Tell Me About You (1 of 2)

Making rum in Barbados

Making rum in Barbados

Who are you?

Most of the time, people ask this question more tactfully, “What do you do?” Or, if in an arena providing more time, they may say, “Tell me about yourself.” But the quest remains the same: to find out who you are.

We craft elaborate answers to these three words—who are you?—and hang data from each serif on every letter. I’m a doctor, a lawyer, an Indian chief. I’m a mason, a mother, a machinist; a parson, a podiatrist, a philanthropist; a dancer, a debutante, a developer; a queen, a quadruplet, a Monday-morning quarterback; a general, a guru, a gypsy at heart.

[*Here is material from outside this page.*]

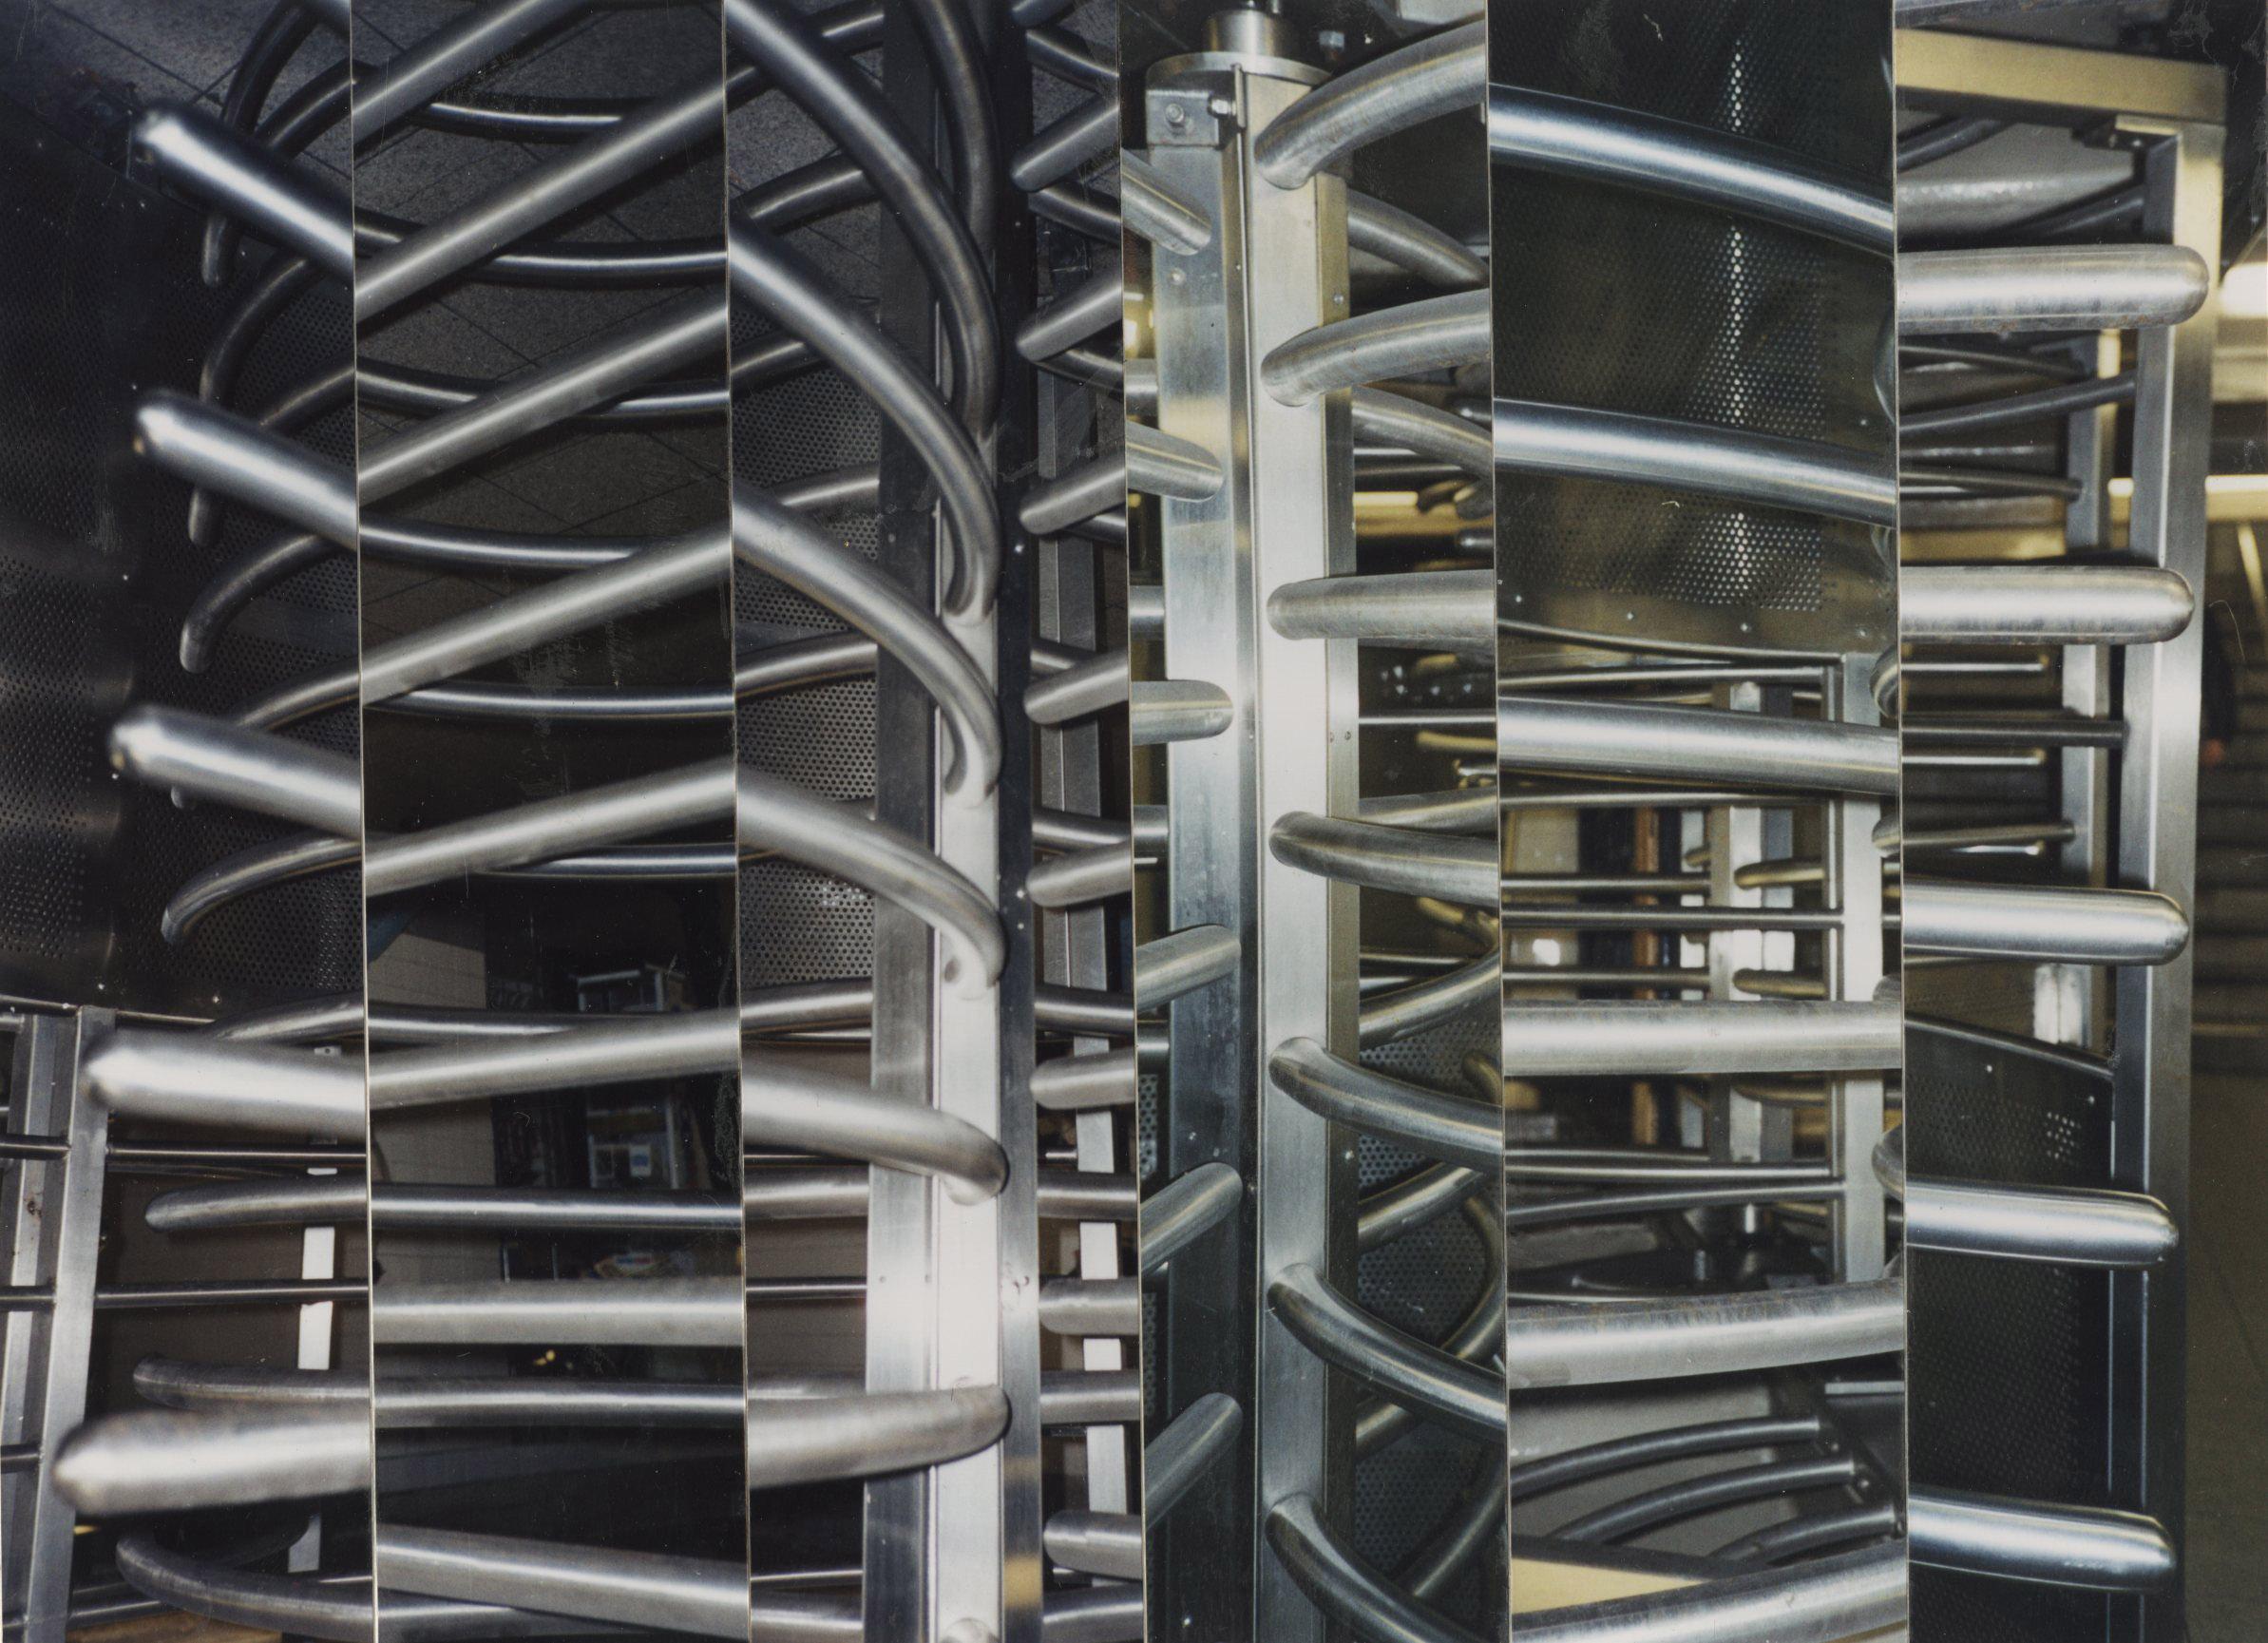 Peter Marks Abstract Photograph – Ohne Titel (Subway Turnstiles)

And we continue to sophisticate our identities with qualifiers: I’m a doctor of dermatology, a lawyer in Louisiana, or I am Chief of the Cherokees. But while there appears to be honor in most of what we have listed thus far, there are those,  who if asked and were honest, would say, “I am nobody.”

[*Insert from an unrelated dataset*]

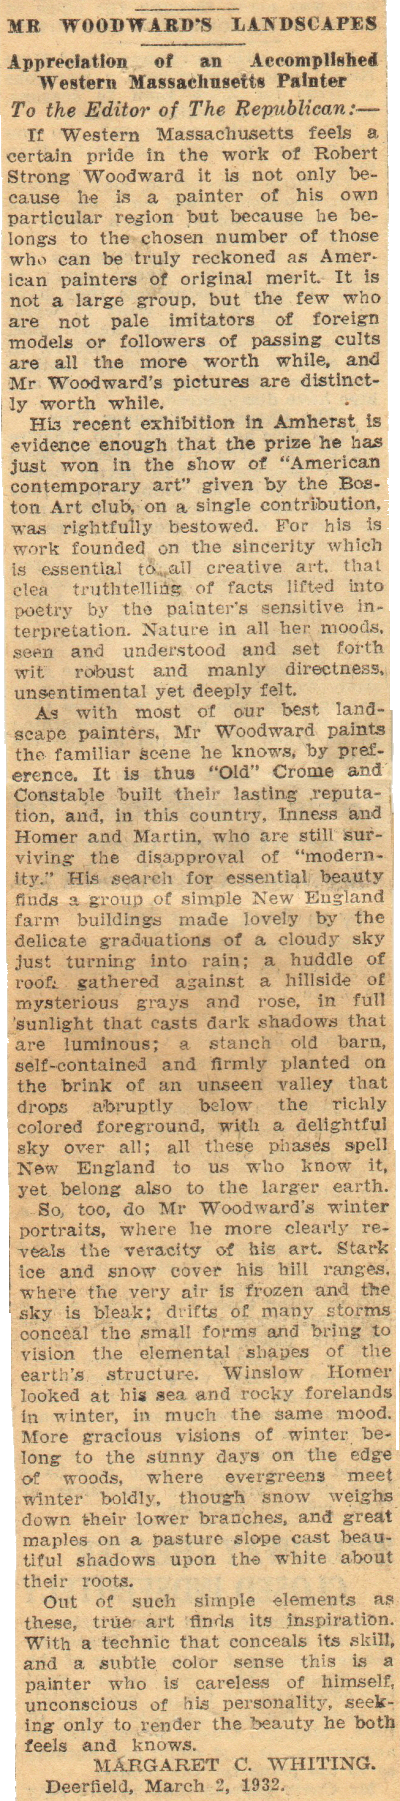 Margaret Whiting Critique, a letter to the Editor of the Springfield Republican, March 2, 1932

We tend to plot our identity somewhere on a spectrum between success and failure. Acumen, accolades, and acceptance are used to determine who you are. Money and material possessions map your identity location on the success-failure spectrum. Quickly take inventory: Where do you perceive your identity to be on the spectrum?

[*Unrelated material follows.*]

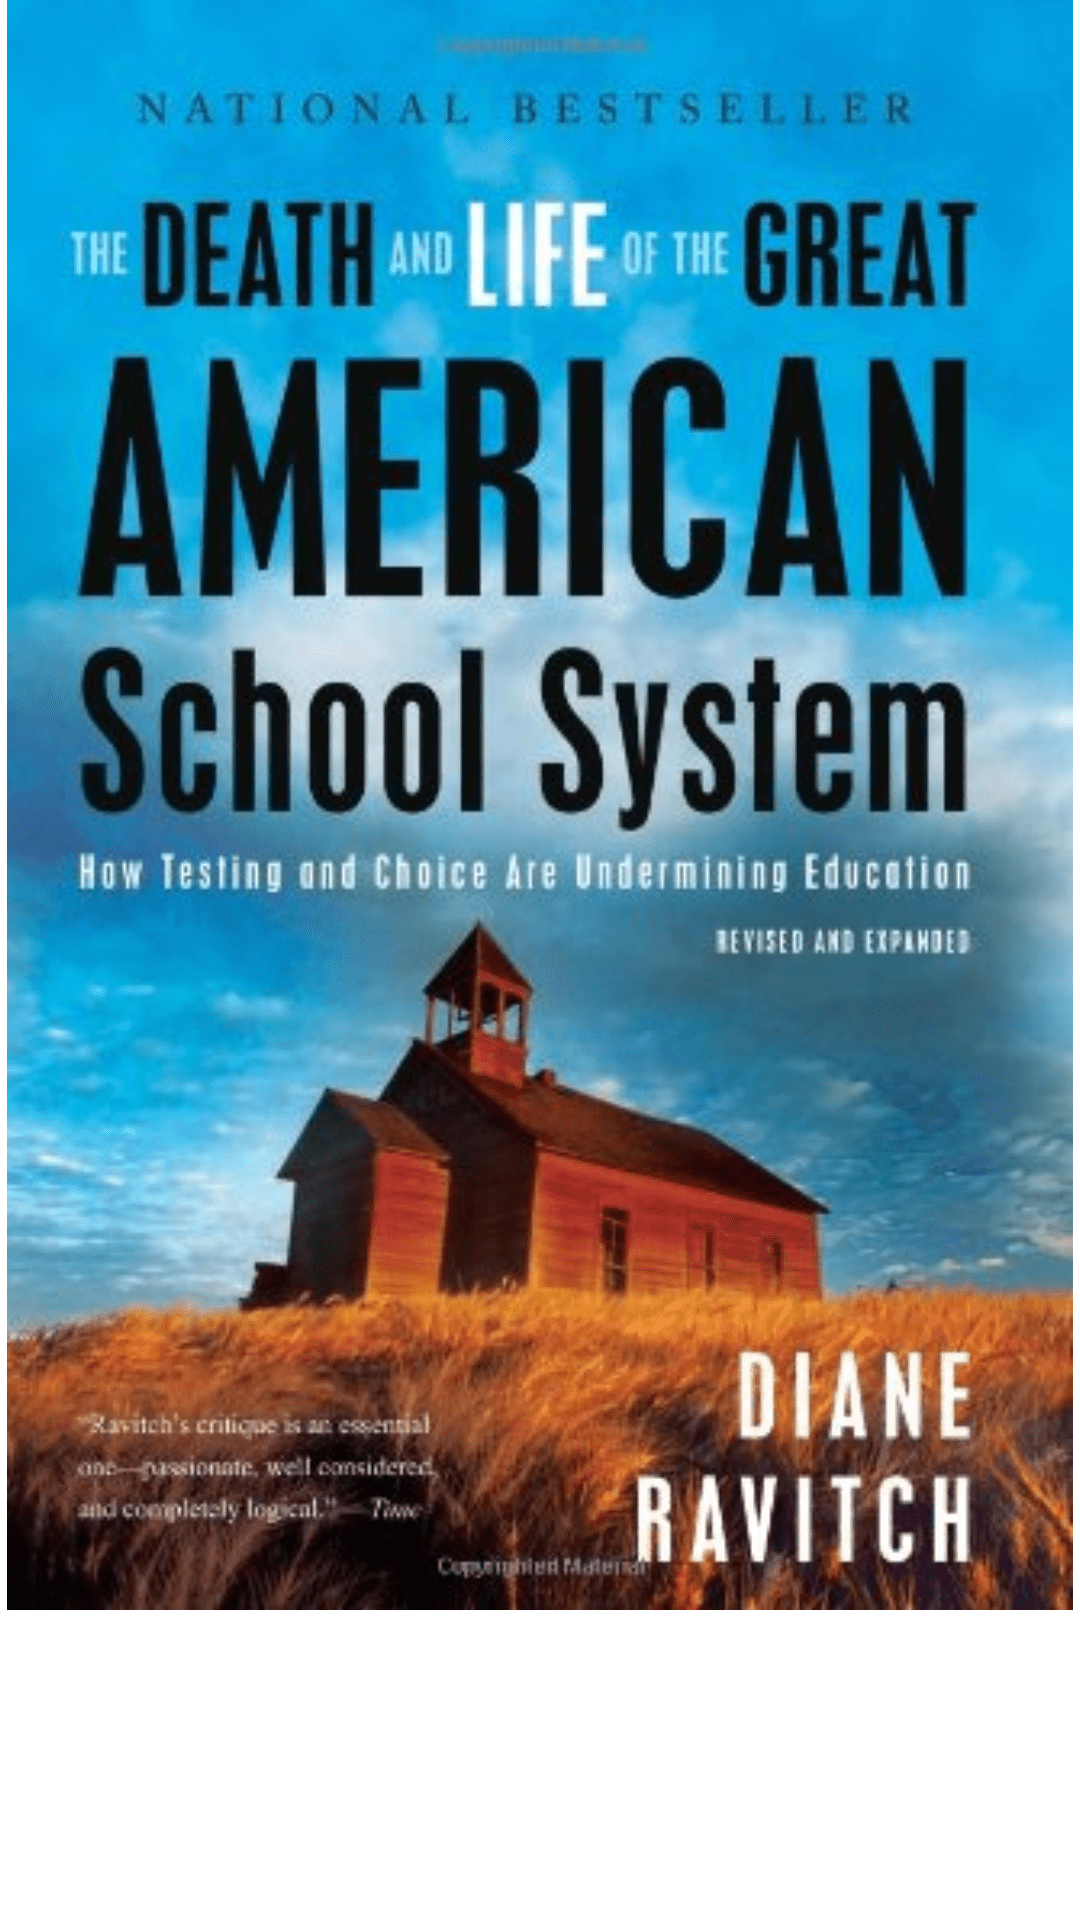 The Death and Life of Great American School System : How Testing and Choice are Undermining Education

The intriguing thing about identity is how tempting it can be to define who you are by all we have discussed and fail to consider the opinion of God, the architect of your soul. I wonder what His opinion is of who you are?

More intriguing yet, if you were to compare your perception of your identity with His perspective of you, I wonder what enlightenment it might bring to your life? Would it necessitate a paradigm shift from your definition of self to His?